Beatrice thanked the kind speaker almost tearfully. It was the first touch of womanly sympathy she had received since her troubles had begun, and it went to her heart.

"It is very, very good of you," she said. "A friend is what I sorely need at present. When I think of your goodness to a comparative stranger like me--"

"Then don't think of it," the Countess said almost gaily. "Let us get rid of that horrible man first. You must return those fine diamonds to him. Oh, I know about the diamonds, because I read an account of them in the papers. Perhaps you have already done so?"

"No," Beatrice said, "they are in my dressing-room at the present moment."

"Oh, the careless girl! But that shows how little you value that kind of thing. Well, General, and what do you want with me at this time of the evening?"

A tall, military man had lounged up to them. He was exquisitely preserved. He bowed over Beatrice's hand as he was introduced as General Gastang.

"Delighted to meet you," he said. "I knew your father slightly. Countess, your maid is wandering in a desolate way about the corridor, looking for you, with some story of a dressmaker."

"Ma foi, I had quite forgotten!" the Countess exclaimed. "Do not go from here, chérie; talk to the General till I return, which will not be long. Those dressmakers are the plague of one's life. I will be back as soon as possible."

The General's manner was easy and his tongue fluent. Beatrice had only to lean her head back and smile faintly from time to time. The General suddenly paused-so suddenly that Beatrice looked up and noticed the sudden pallor of his face, his air of agitation.

"You are not well?" the girl asked. "The heat of the room has been too much for you."
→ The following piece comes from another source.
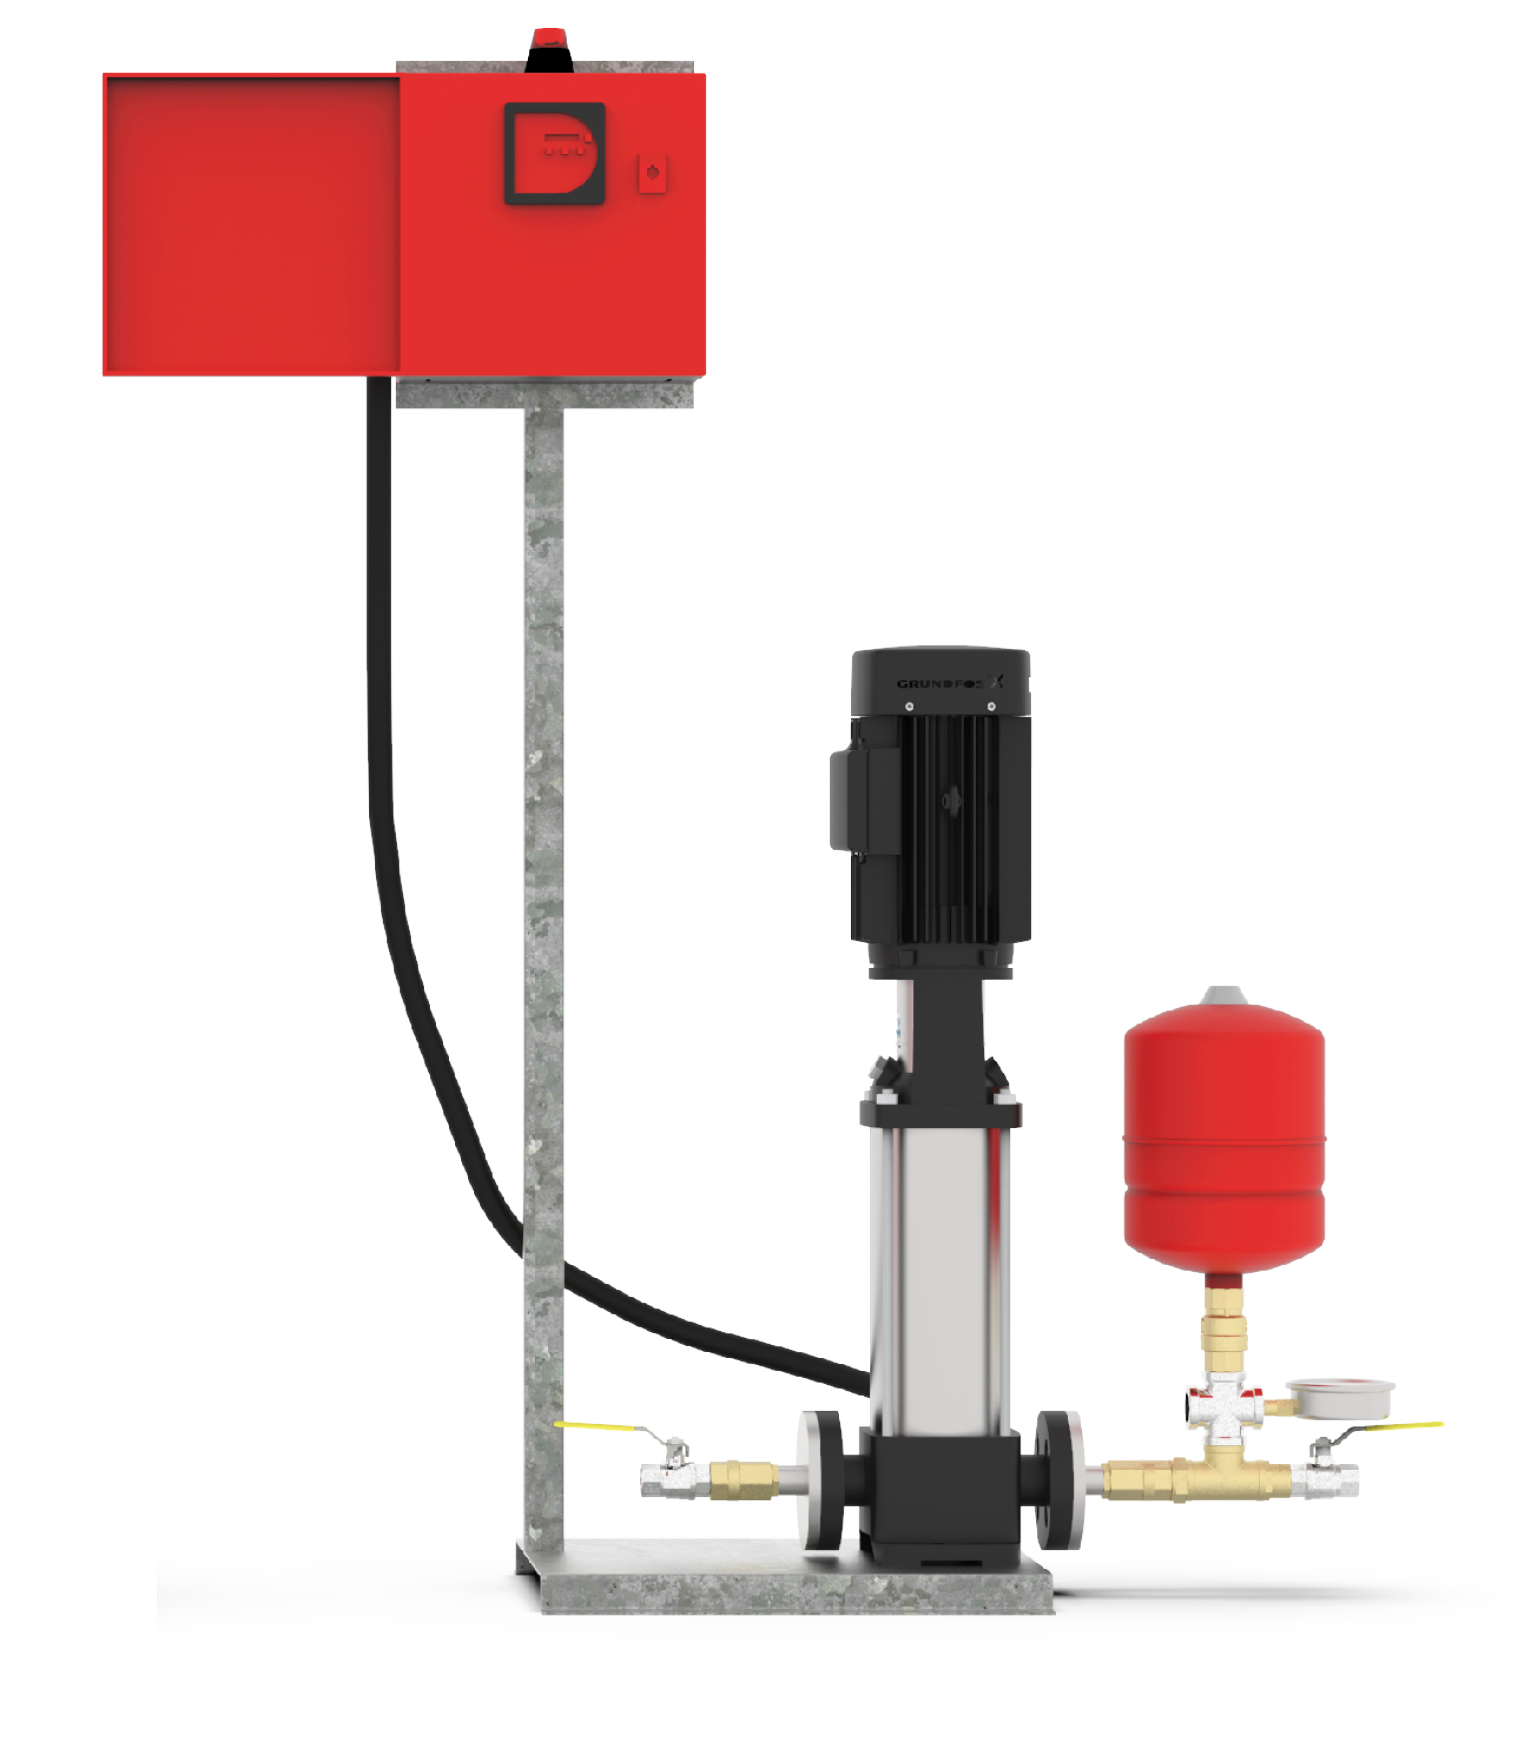 Jacking pumpsets designed for robust fire hydrant pump systems

The General gasped something; with his head down he seemed to be avoiding the gaze of a man who had just come into the drawing-room. As the newcomer turned to speak to a lady, the General shot away from Beatrice's side, muttering something about a telegram. He had hardly vanished before Beatrice was conscious of a cold thrill.
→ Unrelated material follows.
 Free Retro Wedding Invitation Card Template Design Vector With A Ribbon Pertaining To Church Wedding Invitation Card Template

After all she knew nothing of these people. Such scraps of her history as they had gleaned might have come from anybody. Then Beatrice had another thrill as she recollected the fact that she had told this strange Countess that the diamonds were in her dressing-room. Suppose those two were in league to--

Beatrice waited to speculate on this point no longer. She hurried from the room and up the stairs to her bedroom. The corridors were practically deserted at this time in the evening. Beatrice gave a sigh of relief to see that her door was shut. She placed her hand gently on the handle, but the door did not give.

It was locked on the inside! From within came whispering voices. In amaze, the girl recognized the fact that one of the voices belonged to Countess de la Moray, and the other to the man who called himself her husband, Stephen Richford.

There was nothing for it now but to stay and wait developments.